The scene contains many randomly generated spheres of different materials: diffuse, metal and glass.

 - The diffuse materials have a rather soft, non-reflective surface with given colours.

 - The metal sphere also have their own base colours but reflect light depending on their fuzziness.

 - The glass balls either reflect or refract the rays that hit them depending on the angle and random chance, however they do not have any intrinsic color.

Additionally there is a depth of field effect generated by randomly, slightly offsetting the

origin of each ray slightly from the origin of the camera so that objects outside of the focal plane receive some blur. 

The scene to be rendered is turned into a Bounding Volume Hierarchy to reduce the necessary computations.

To do that, the set of objects gets split in half over and over again based on their X, Y or Z

coordinate. This way when a ray gets sent into the world and needs to check if it hits any objects

it can very quickly reduce the number of candidates.

At the highest level the set of objects is split into two groups. If the ray doesn't intersect

the bounding box of the first group that means that entire half of the set of objects can be discarded.

If one of the bounding volumes is intersected by the ray the children of that volume are considered.

Once again this means two groups are considered, each containing half of their parents set of objects.

This way the set of objects that need to be checked get halved at very step, allowing for very efficient

intersection checks, as opposed to having to linearly search through a list for every single ray.

By default the raytracer will create a threadpool with on thread per CPU core. The pixels to be rendered

are essentially submitted to this threadpool in a queue. This means N pixels can be calculated in parallel,

where N is the number of CPU cores.

The number of threads can be changed by setting the `RAYON_NUM_THREADS` environment variable

before running the program.

## Usage

> [!TIP]

> A pre-built binary for 64-bit Windows can be found in the releases section on the GitHub page.

> [!NOTE]  

> To compile this project please install the [Rust compiler](https://rust-lang.org/).

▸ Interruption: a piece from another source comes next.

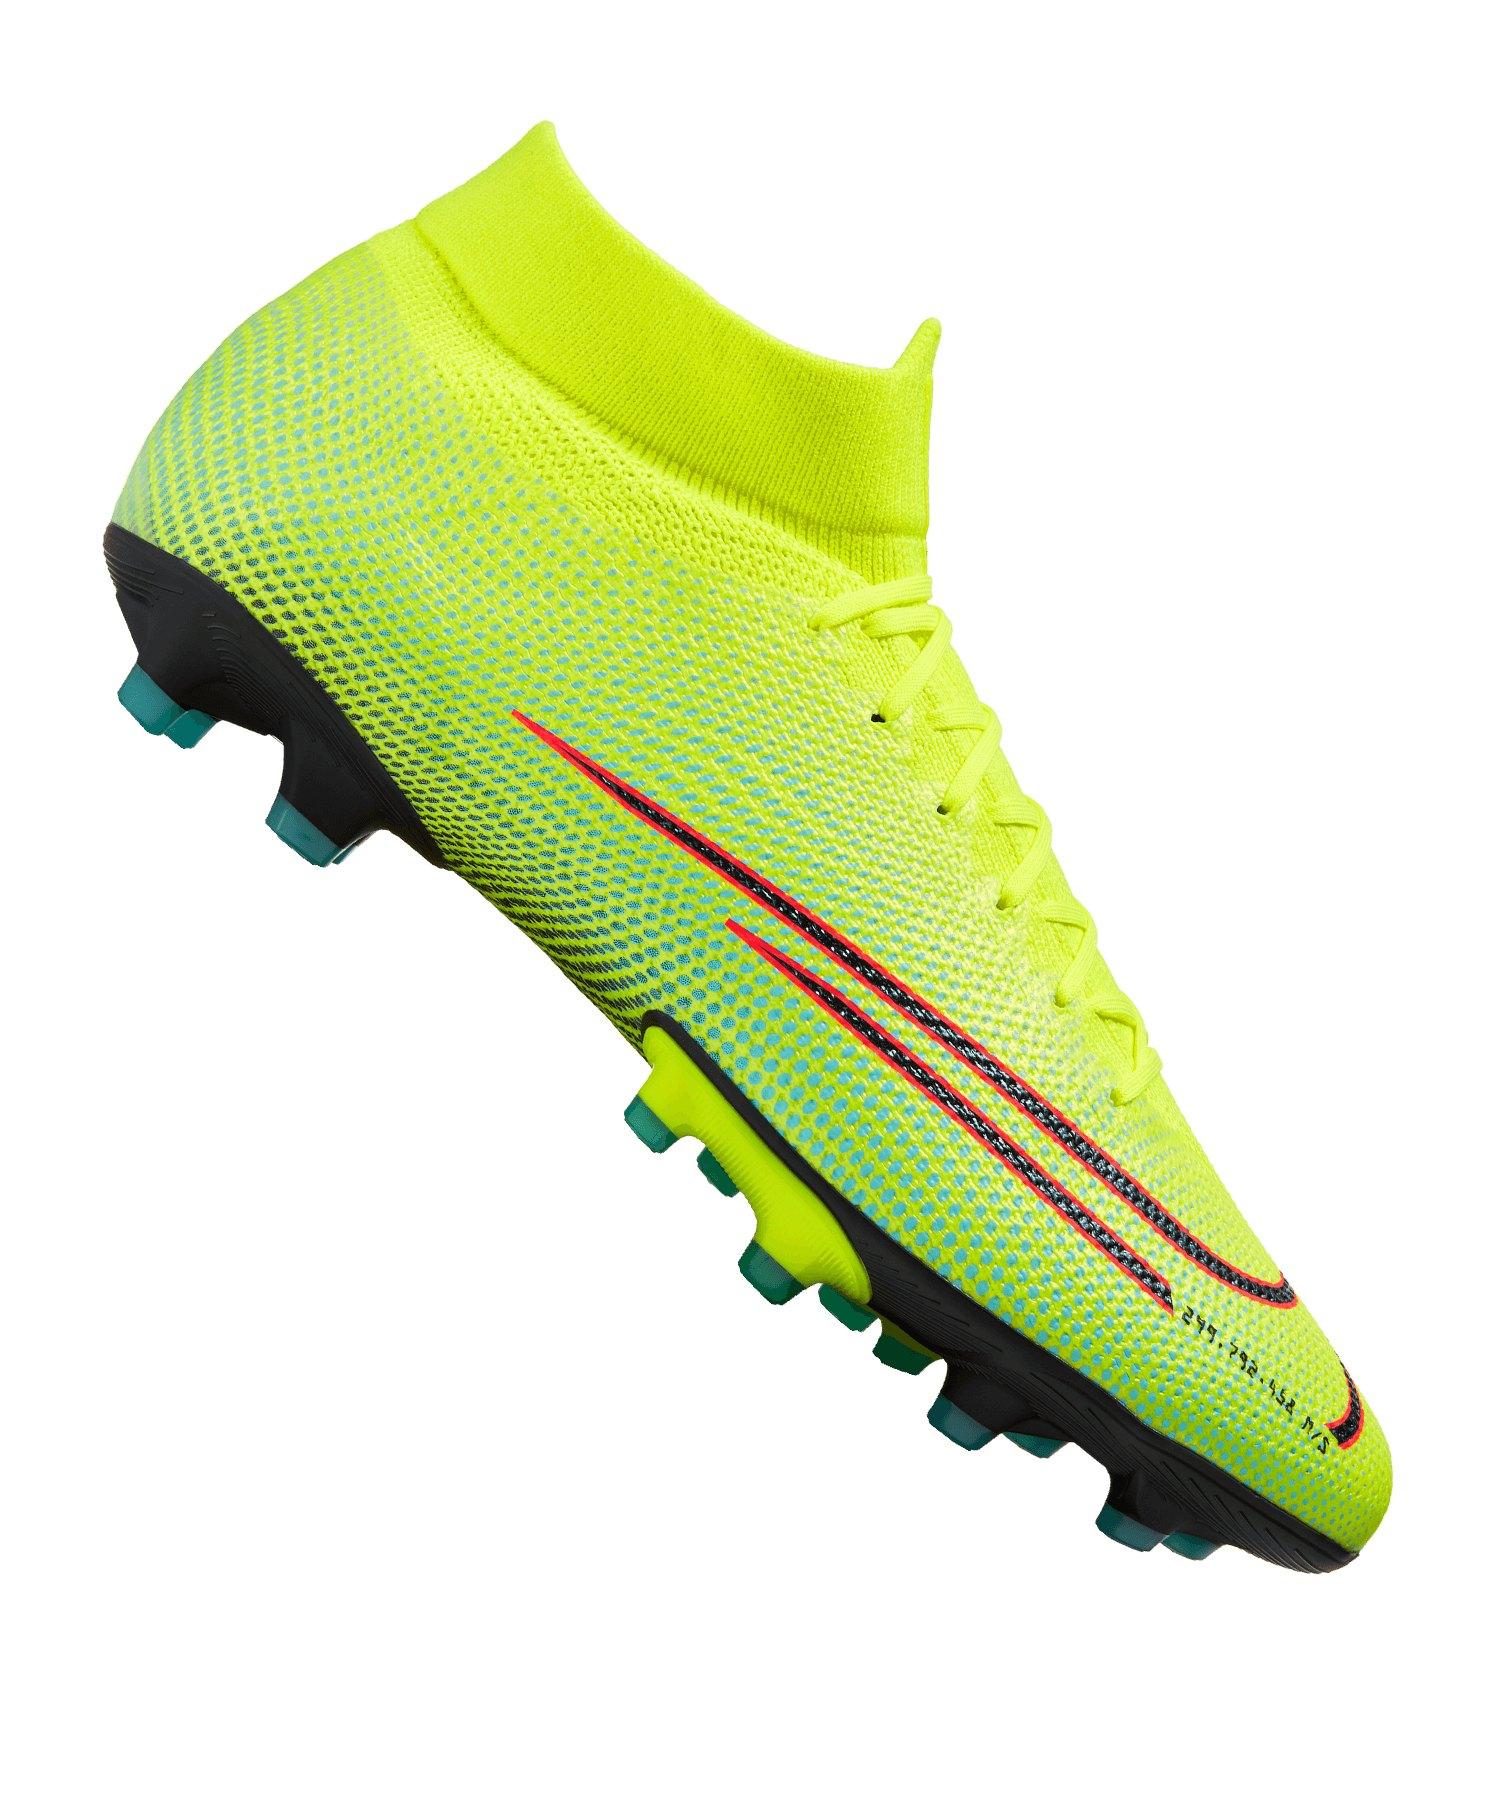 Nike Mercurial Superfly VII Dreamspeed Pro AG-Pro Gelb F703 - gelb
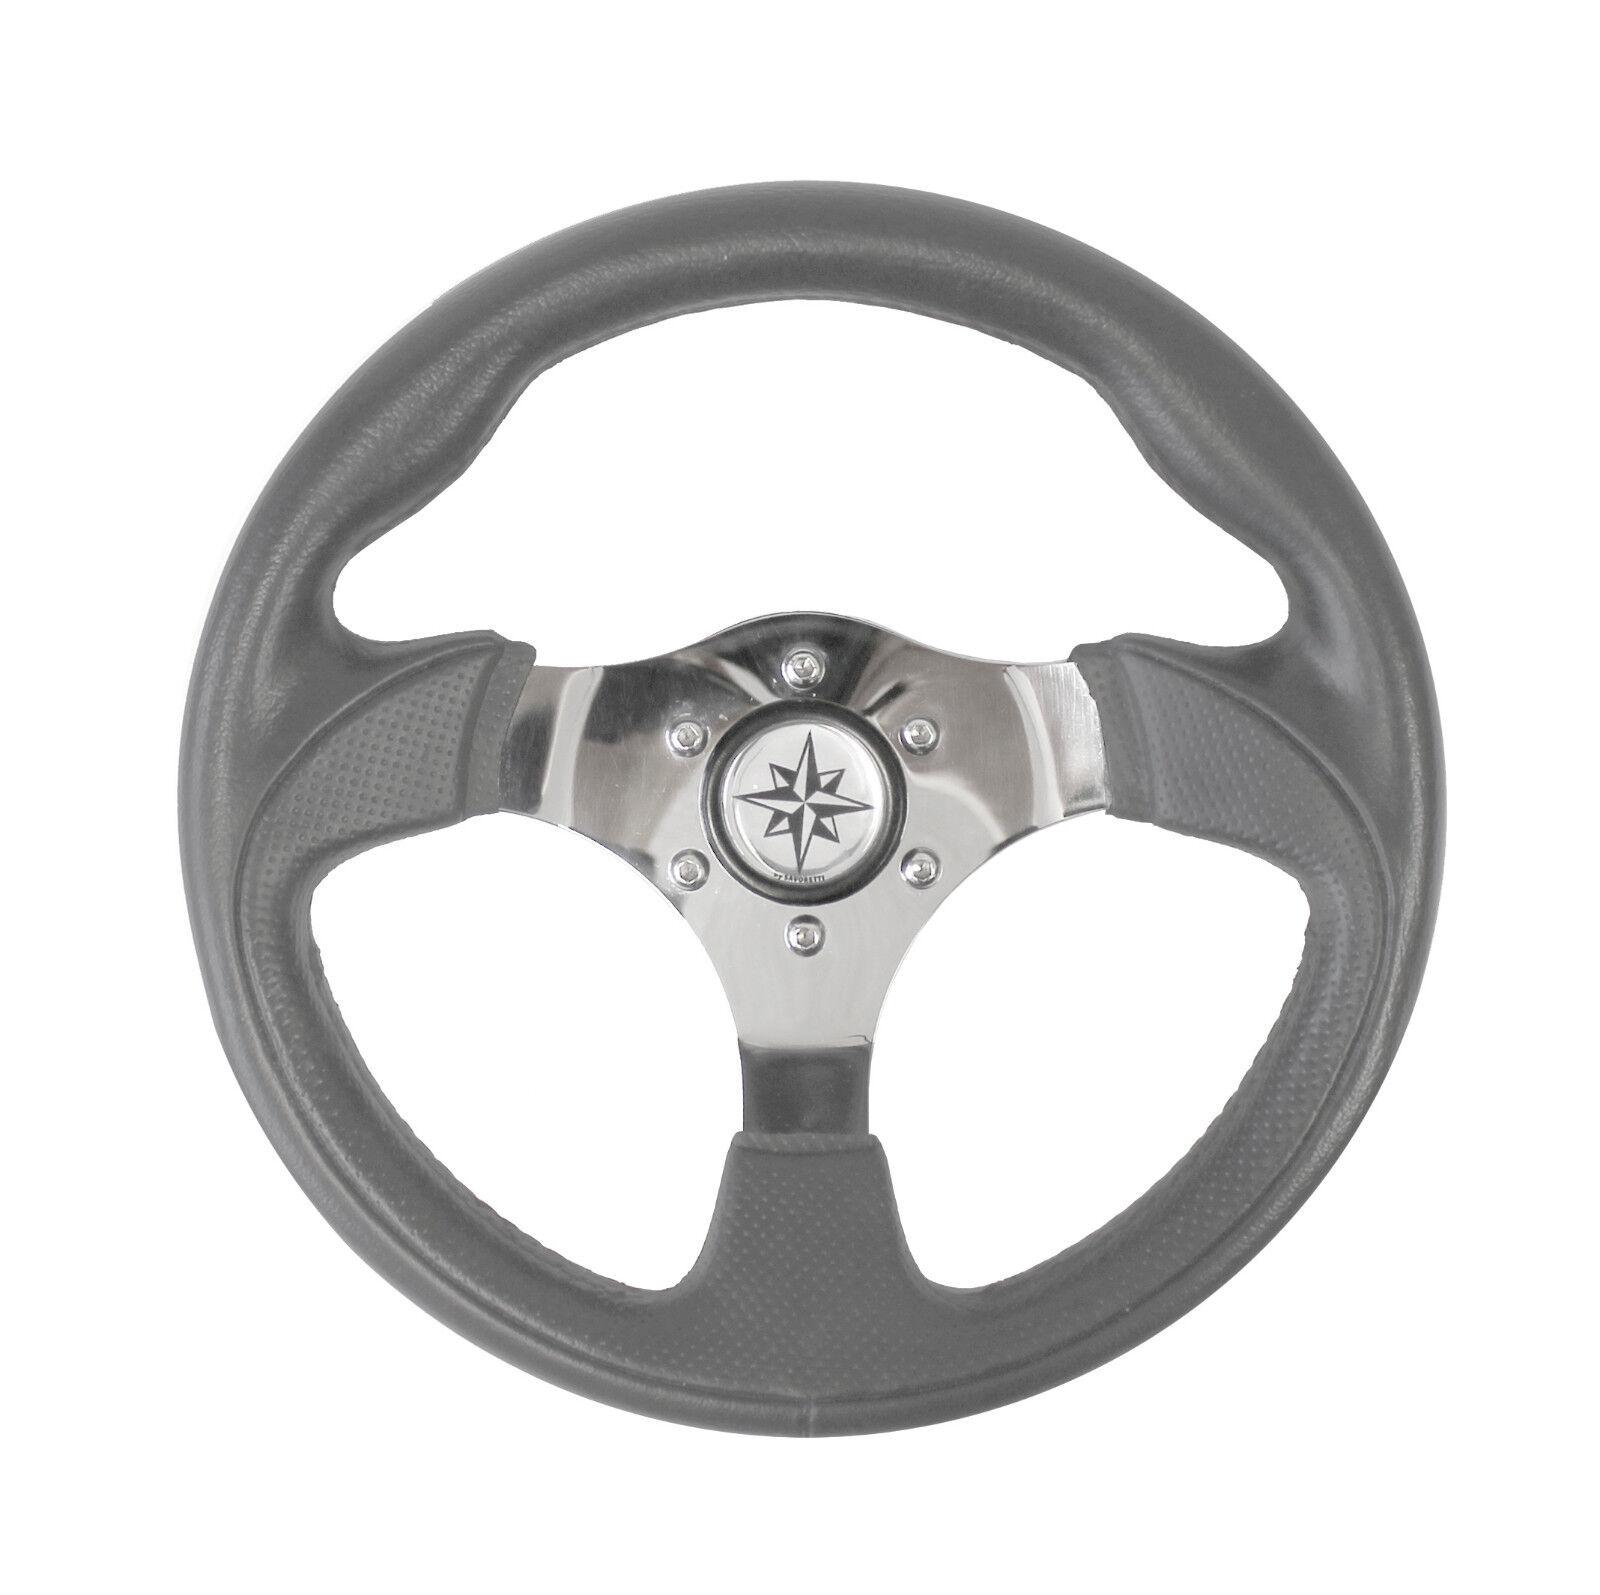 Steuerrad für SportStiefele 30cm Edelstahl grau Lenkrad MotorStiefel Steuer Stiefel

For a debug build run `cargo build` in the project directory. For an optimized release

build please run `cargo build --release`.

The resulting binaries will be located in `./target/debug` and `./target/release` respectively.

It is also possible to use `cargo run` or `cargo run --release` to compile and run the program in one step.

It is recommended to use the release build since it significantly speeds up the execution.

The raytracer accepts a few command line arguments to change the behaviour and to select the scene to render.

The following help output can be produced with `./raytracer_rs --help`:

```

Usage: raytracer_rs.exe [OPTIONS]

Options:

  -o, --output-filename 

          Name of the output image [default: out.png]

      --width 

          Width of the output image [default: 1280]

      --height 

          Height of the output image [default: 720]

      --fov 

          Vertical field of view [default: 20]

      --focus-distance 

          Distance of the focal point from the camera [default: 10]

      --defocus-angle 

          Determines the strength of the depth of field effect [default: 0.6]

      --samples 

          Number of samples (rays) per pixel [default: 100]

      --max-bounces 

          Maximum amount of times a ray can get hit and bounce from objects [default: 50]

      --scene 

          Selects which scenes to render [default: bouncing-spheres] [possible values: bouncing-spheres, checkered-spheres, earth, quads, simple-light, bouncing-spheres-with-light, empty-cornell-box, cornell-box]

  -h, --help

          Print help

  -V, --version

          Print version

```

To replicate the sample image the following command was used:

```

.\raytracer_rs -o sample.png -width 1920 -height 1080 --samples 200

```

## License

Licensed under the [MIT License](./LICENSE).